Recorded data:
______

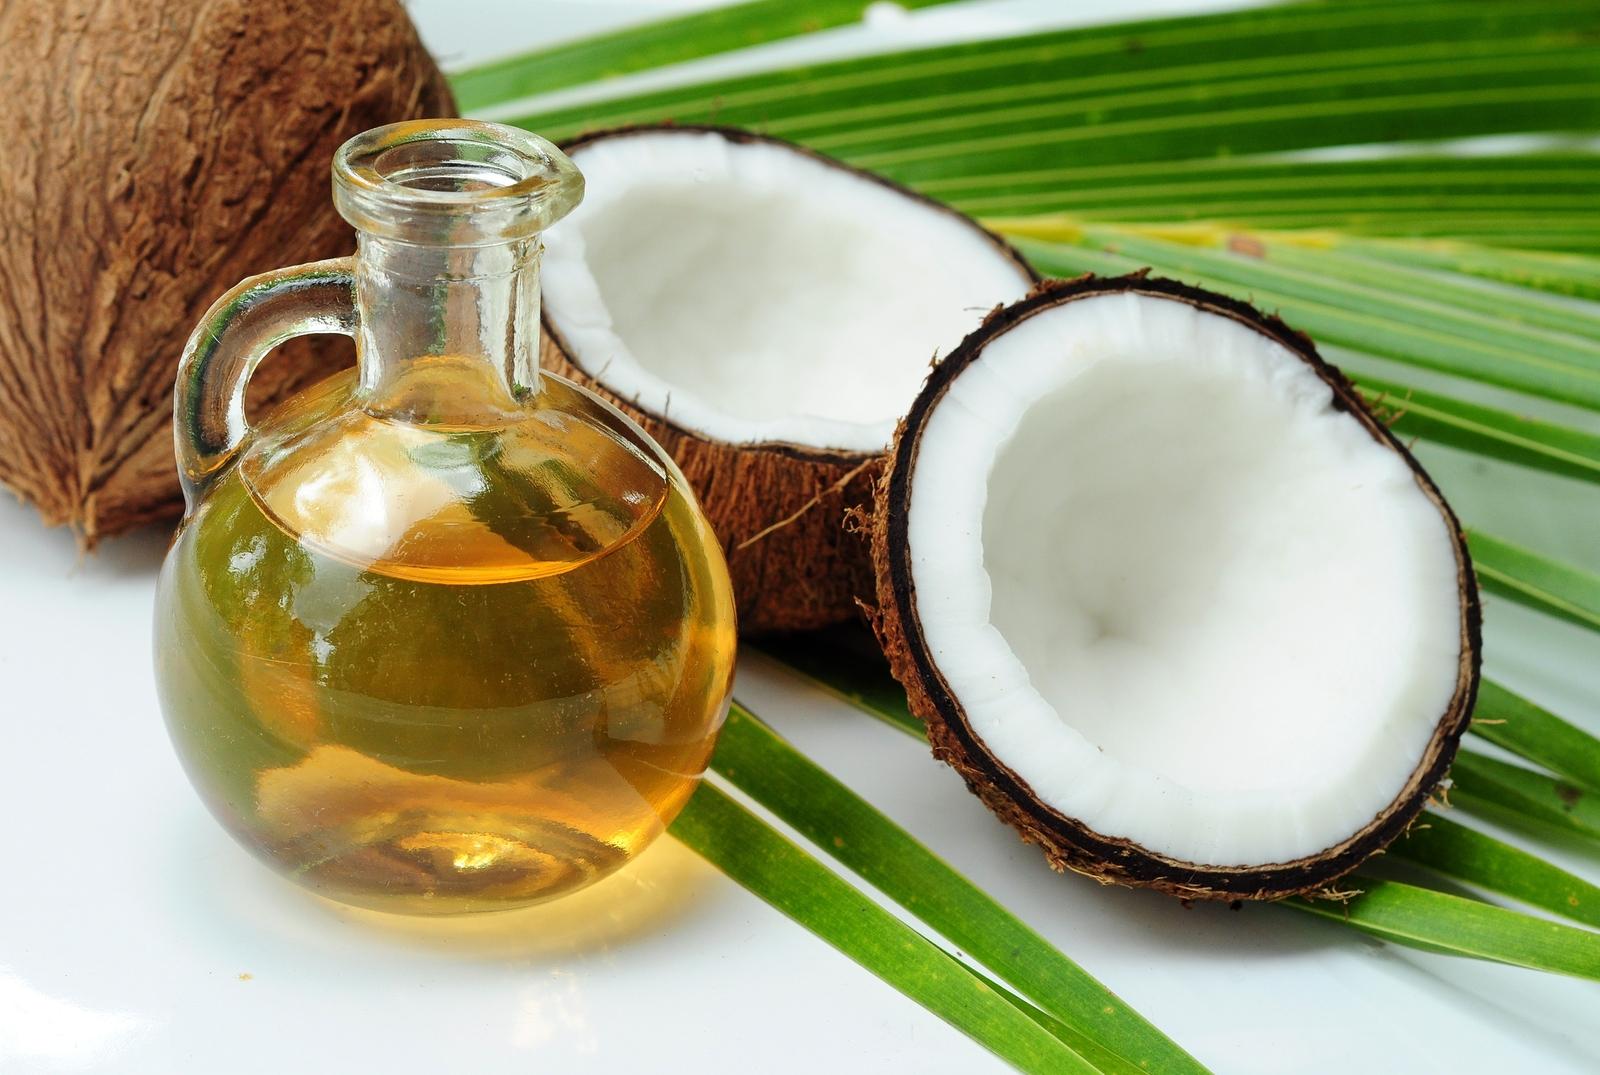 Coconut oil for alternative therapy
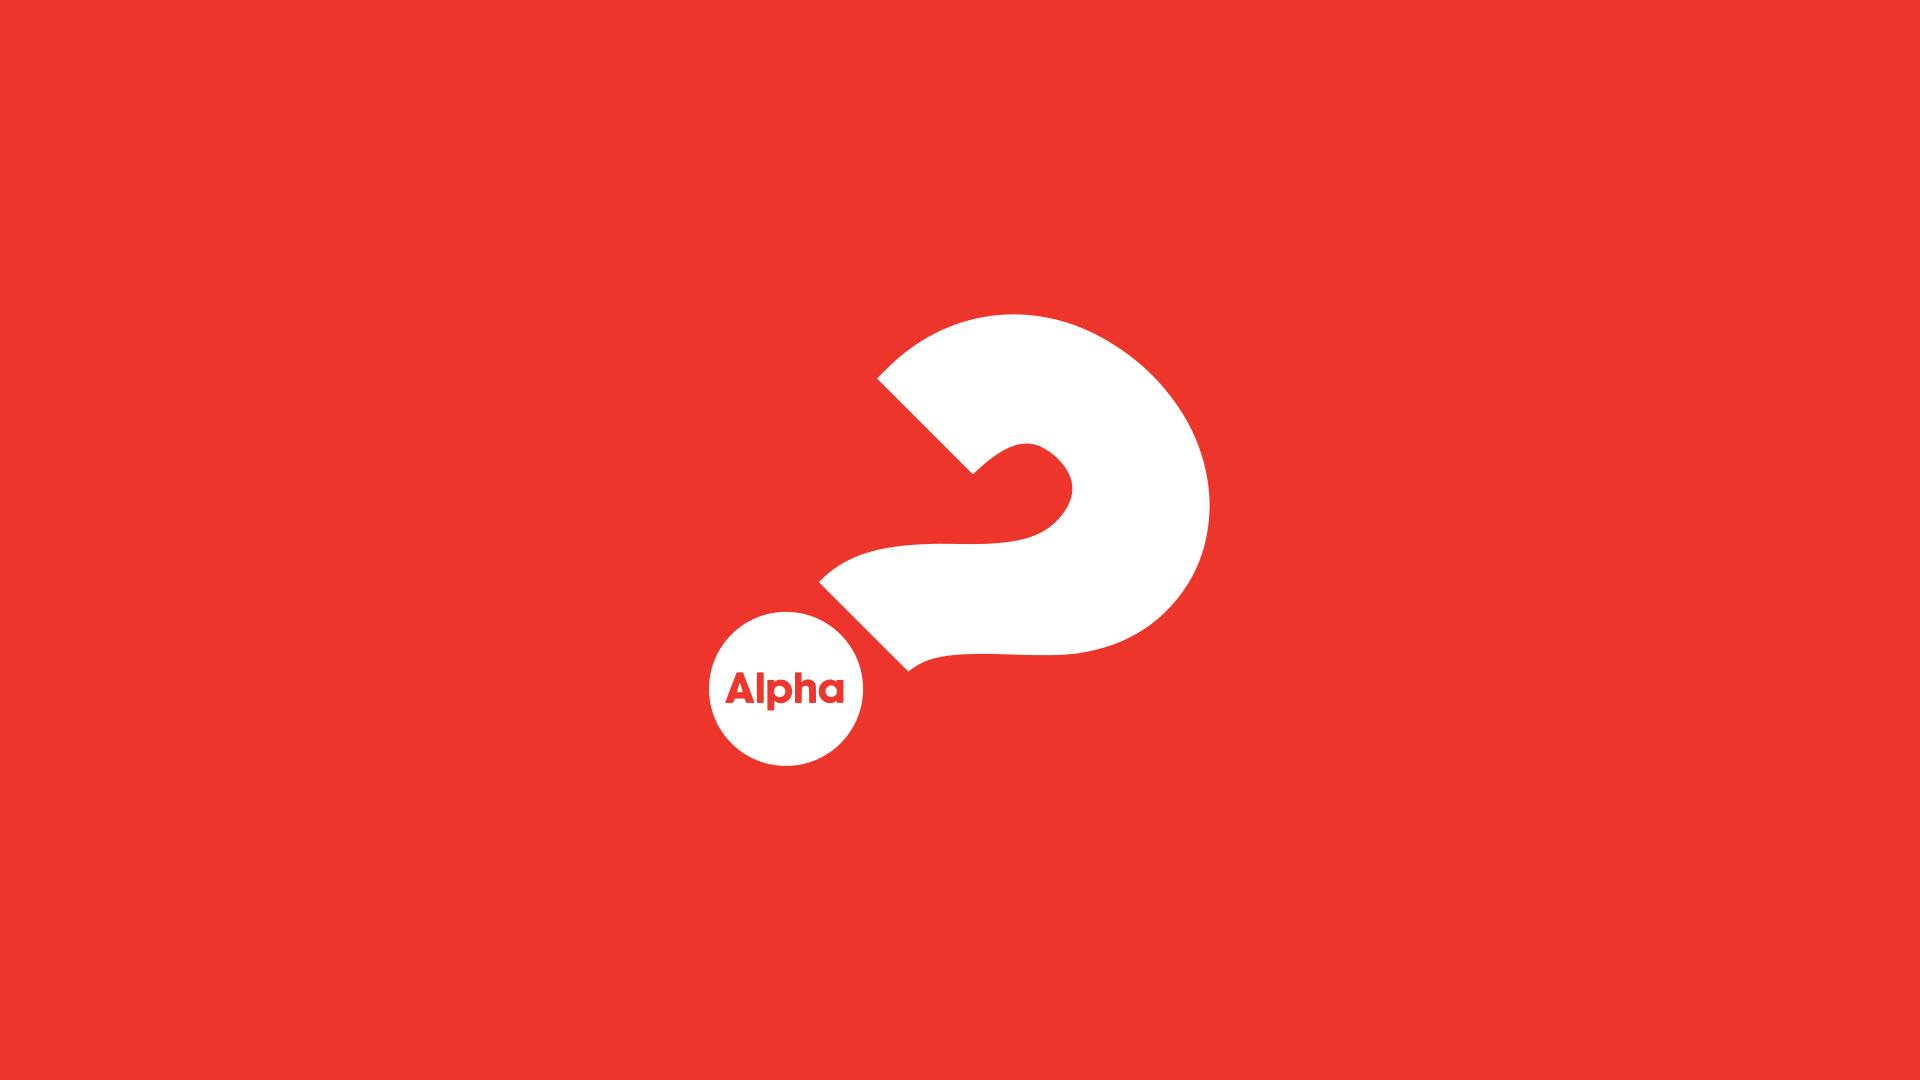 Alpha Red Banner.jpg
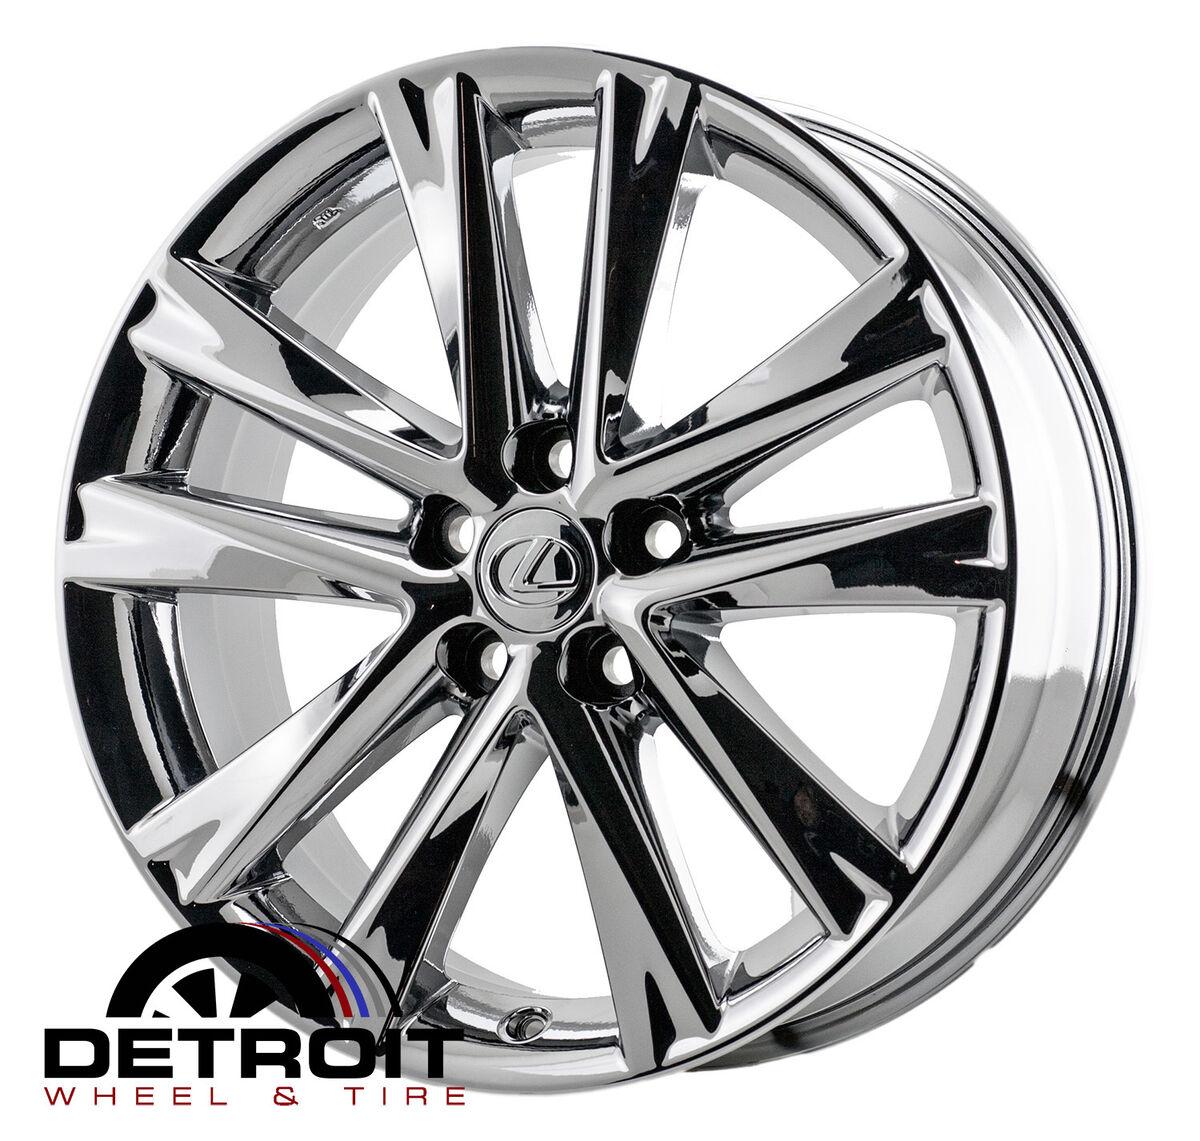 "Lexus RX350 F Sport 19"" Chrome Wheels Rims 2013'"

______

Task requirements:
The answer should be the full material above, printed exactly, with no pictures in it.

Output of the task:
 Coconut oil for alternative therapy
 Alpha Red Banner.jpg
 "Lexus RX350 F Sport 19"" Chrome Wheels Rims 2013'"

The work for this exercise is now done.